The Sources of Religious Insight: Lectures Delivered before Lake Forest College on the Foundation of the Late William Bross

Read FREE!

Excerpt

THE RELIGIOUS PROBLEM AND THE HUMAN INDIVIDUAL

My first task must be to forestall possible disappointments regarding the scope of our inquiry. In seven lectures upon a vast topic very little can at best be accomplished. I want to tell you at the outset what are some of the limitations to which I propose to subject my undertakings.

I come before you as a philosophical inquirer addressing a general audience of thoughtful people. This definition of my office implies from the outset very notable limitations. As a philosophical inquirer I am not here to preach to you, but to appeal to your own thoughtfulness. Again, since my inquiry concerns the Sources of Religious Insight, you will understand, I hope, that I shall not undertake to present to you any extended system of religious doctrine. Upon sources of insight we are to concentrate our attention. What insight may be obtained from those sources we shall only attempt to indicate in the most general way, not at length to expound. What theologians would call a system of dogmas, I shall not undertake to define. What philosophers would regard as a comprehensive philosophy of religion I shall have no time to develop within our limits. I am to make some comments upon the ways in which religious truths can become accessible to men. What truths thus become accessible you must in large measure discover by your own appeal to the sources of which I shall try to tell you.

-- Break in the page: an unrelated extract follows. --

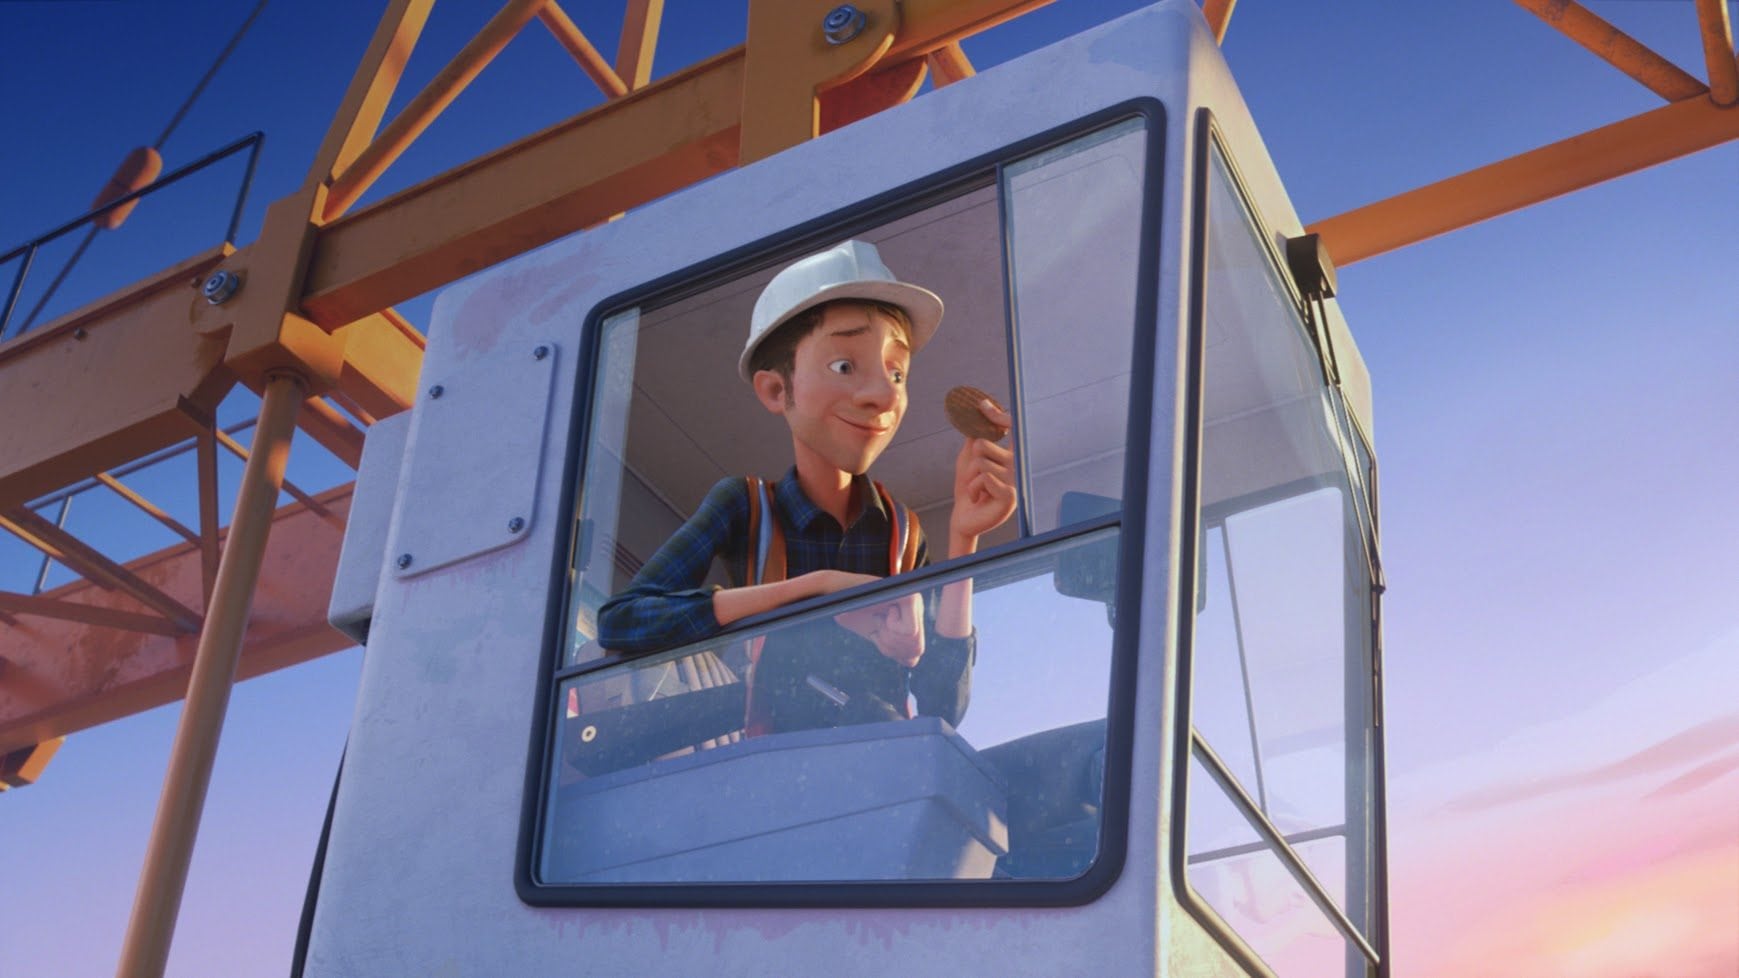 McVitie's'in yeni reklamı Pixar-esque esintiler taşıyor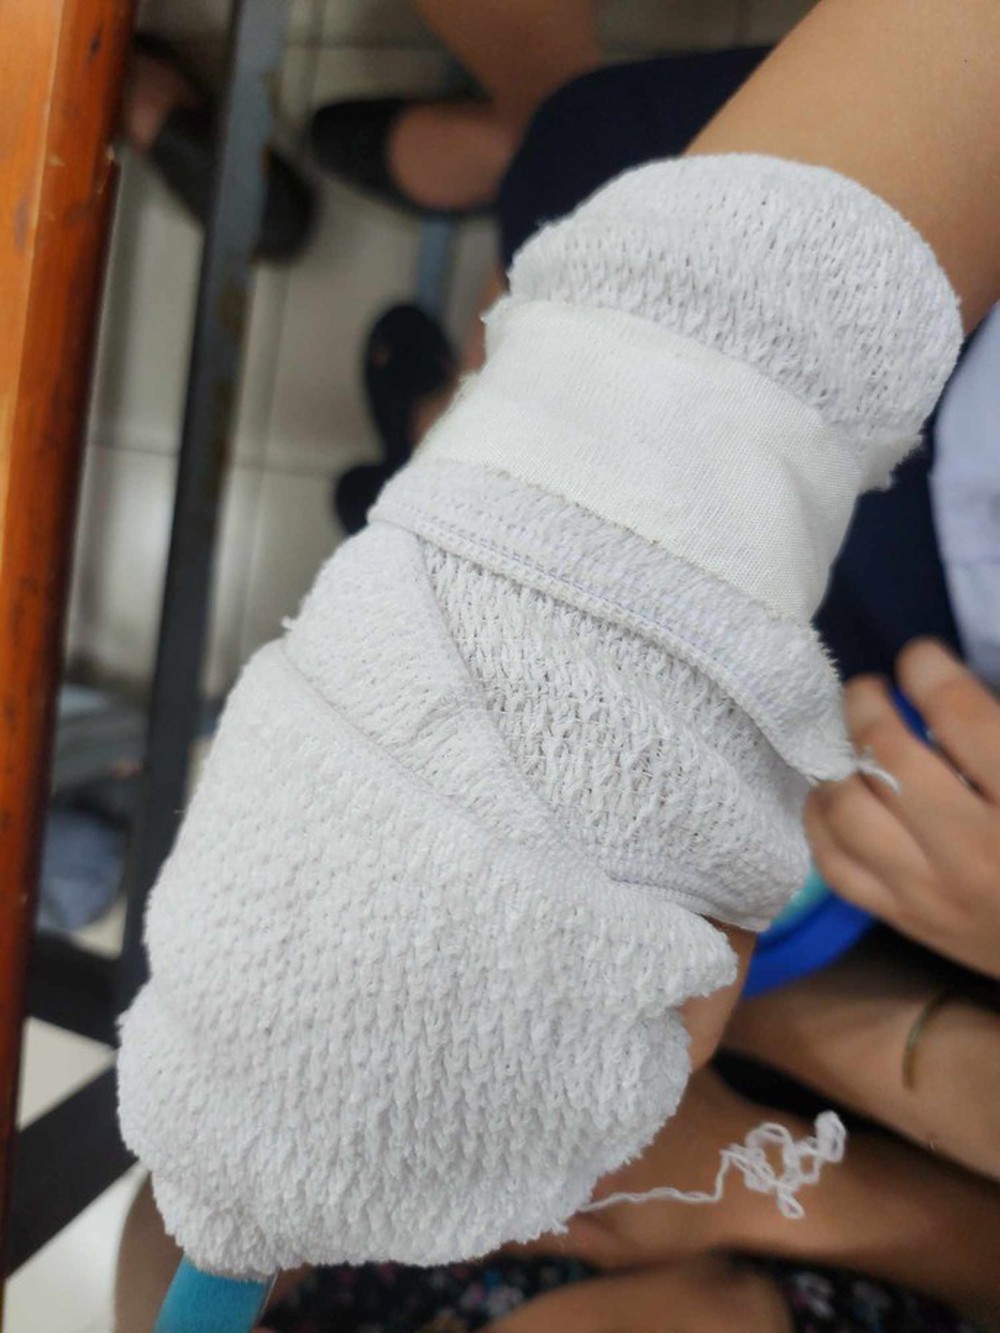 TP HCM: Phụ huynh tố giáo viên đánh gãy xương ngón tay học sinh - Ảnh 1.

These somewhat narrow limitations may have, as I hope, their correlative advantages. Since I am to speak of sources, rather than of creeds or of philosophies, I may be able to appeal to people of decidedly various opinions without directing undue attention to the motives that divide them. I need not presuppose that my hearers are of the company of believers or of the company of doubters; and if they are believers, it matters little, for my present purpose, to what household of the faith they belong. I am not here to set people right as to matters of doctrine, but rather to point out the way that, if patiently followed, may tend to lead us all toward light and unity of doctrine. If you listen to my later lectures you may, indeed, be led to ask various questions about my own creed, which, in these lectures, I shall not attempt to answer. But I shall be content if what I say helps any of you, however little, toward finding for yourselves answers to your own religious questions.